Over time my addiction to gaming started to slow and I’d spend all day reading up on different snakes and morphs, I can’t remember exactly when I stopped gaming but the transition was sudden and created a lot of friction between myself and my girlfriend as she was a huge gamer herself. I found myself with a lot of free time living with somebody who had none, would have to watch her destroying her life like I used to, it was the beginning of the end of my relationship when I quit that game. 

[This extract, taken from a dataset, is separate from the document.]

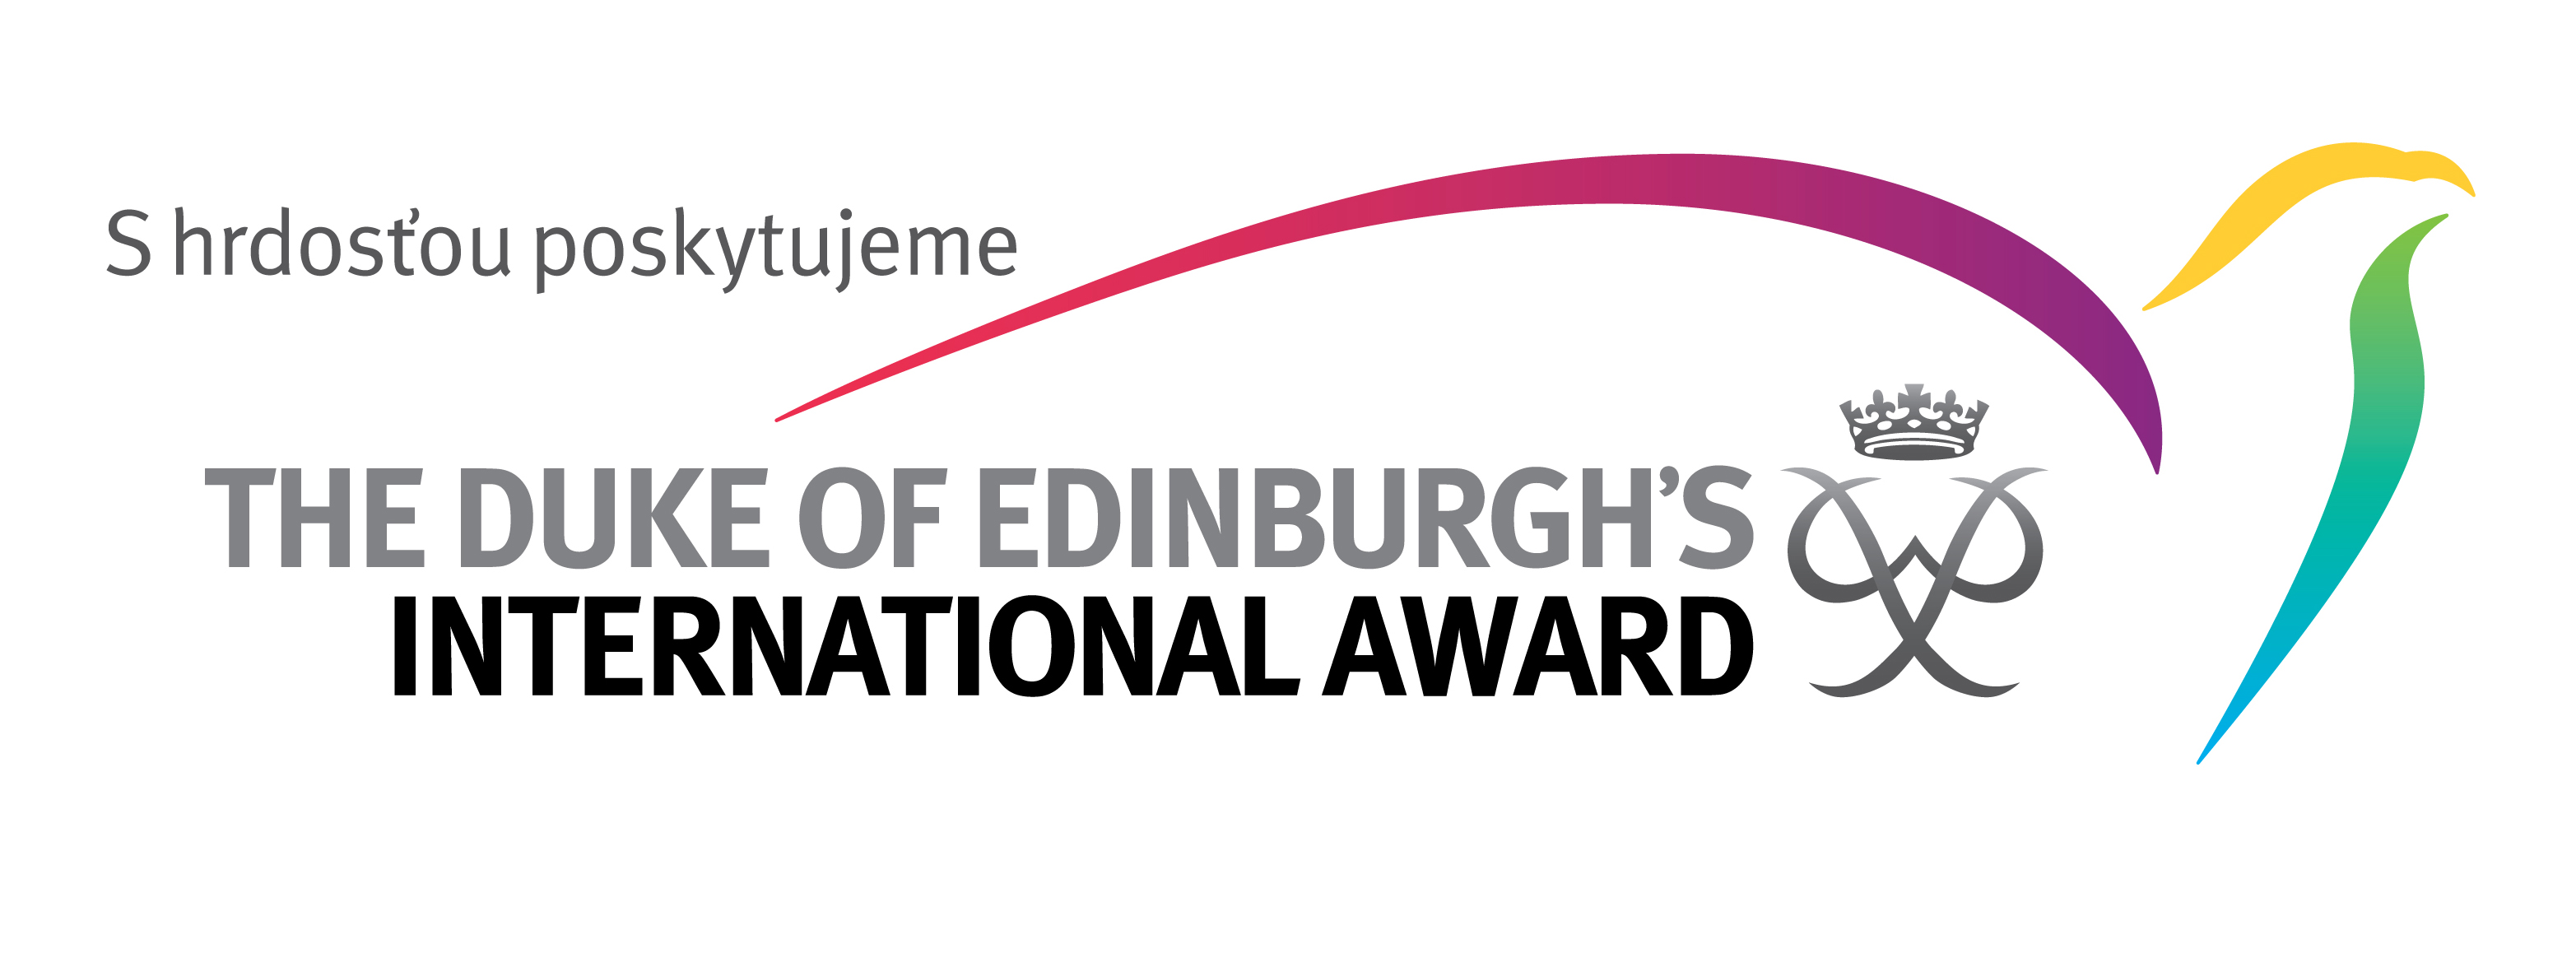 S hrdosťou poskytujeme Duke of Edinburgh's International Award

Back then I was living at my parents with my girlfriend of about 3 years, our room was cramped and the house was full of family members so room to expand my collection was non-existant, however I’d managed to persuade my mother to let me keep another royal and about a month after Valhalla I went to the PRAS show in Havant and ended up buying a het piebald named Diablo (We named him Diablo on the basis that we really wanted a boa called one due to their moustache, but I was afraid of Boa’s and my girlfriend was afraid of larger snakes) this was where I first started to think about breeding. We took Diablo home and we made him a RUB from a lunchbox and a heat mat. He stayed on the table next to my PC for a while and he was brilliant, he would come out whenever the lid was opened and was just naturally friendly and curious.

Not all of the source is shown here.